American grapevine aphid

Aphis illinoisensis


The American grapevine aphid is a new pest species in grapevine crops in southern Europe. It feeds on plant sap and can thus damage its host plants.


American vineaphids (Aphis illinoisensis) are only 2 to 2.5 mm in size, have a soft body, and are reddish-brownish to black in color. They ingest plant sap with their stylet-like proboscis. Grapevine aphids have two dorsal tubes (siphons) on their bodies. These serve to release a defensive secretion with wax cells when threatened, which smears the mouthparts of small attackers and thus protects the aphids.

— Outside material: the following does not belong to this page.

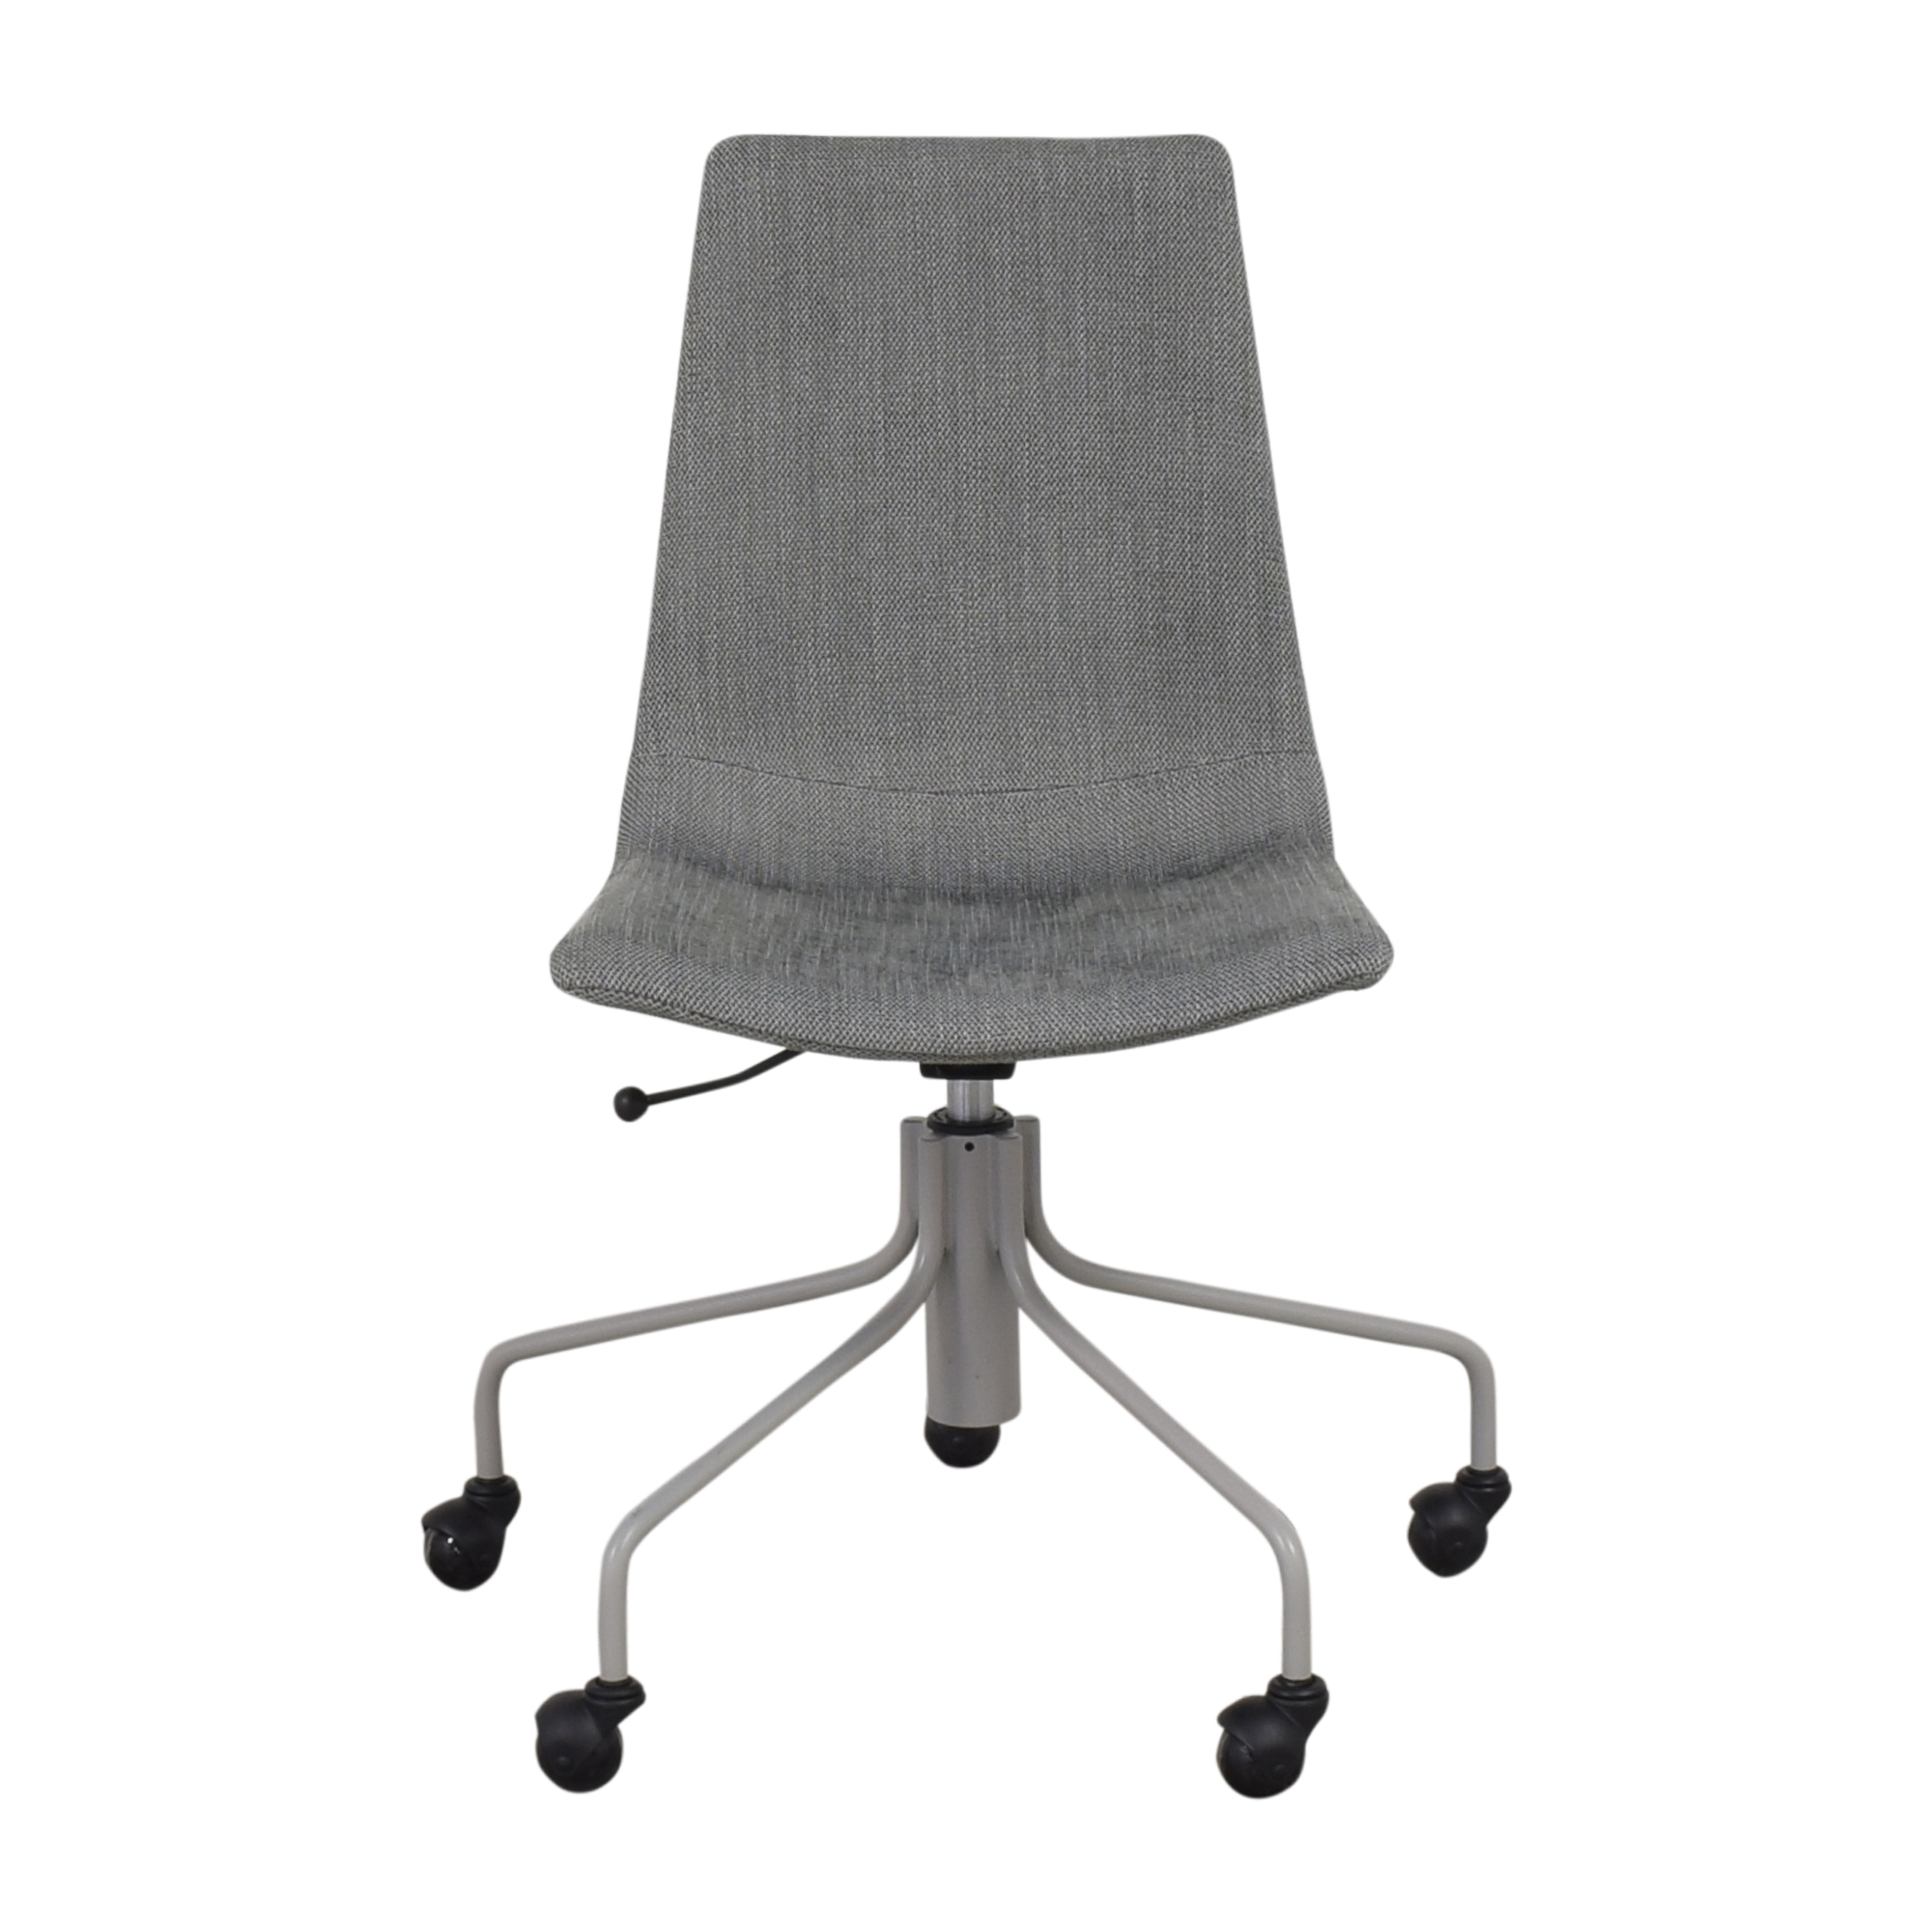 West Elm Modern Slope Upholstered Swivel Office Chair sale

The American vine aphid belongs to the tubular aphid family (Aphididae). The aphids overwinter as an egg on snowball(Viburnum prunifolium). In spring, they form colonies and reproduce over several generations by means of virgin reproduction (parthenogenesis), and then form a winged, sexually reproducing generation. This then flies onto the vine. In the fall, the winged females return to snowball and lay eggs for overwintering.

Damage symptoms

In viticulture, the American grapevine aphid is a significant pest in some areas. American grapevine aphids feed on the sap of the plant. When they occur in masses, significant damage to the host plant can result. By withdrawing plant sap from the leading tissue (phloem), the infested vine loses carbohydrates and nitrogen. In the long term, severely infested canes may show signs of emaciation and stunted growth. As a result, the grapes may drop off. The American grapevine aphid does not transmit viruses dangerous to grapevines.

Host plants

The primary host plant of the American grapevine aphid is Viburnus prunifolium (snowball). Secondary host plants are species of grapevine family (Vitaceae) including the genera Ampelocissus, Parthenocissus, Cissus and Vitis.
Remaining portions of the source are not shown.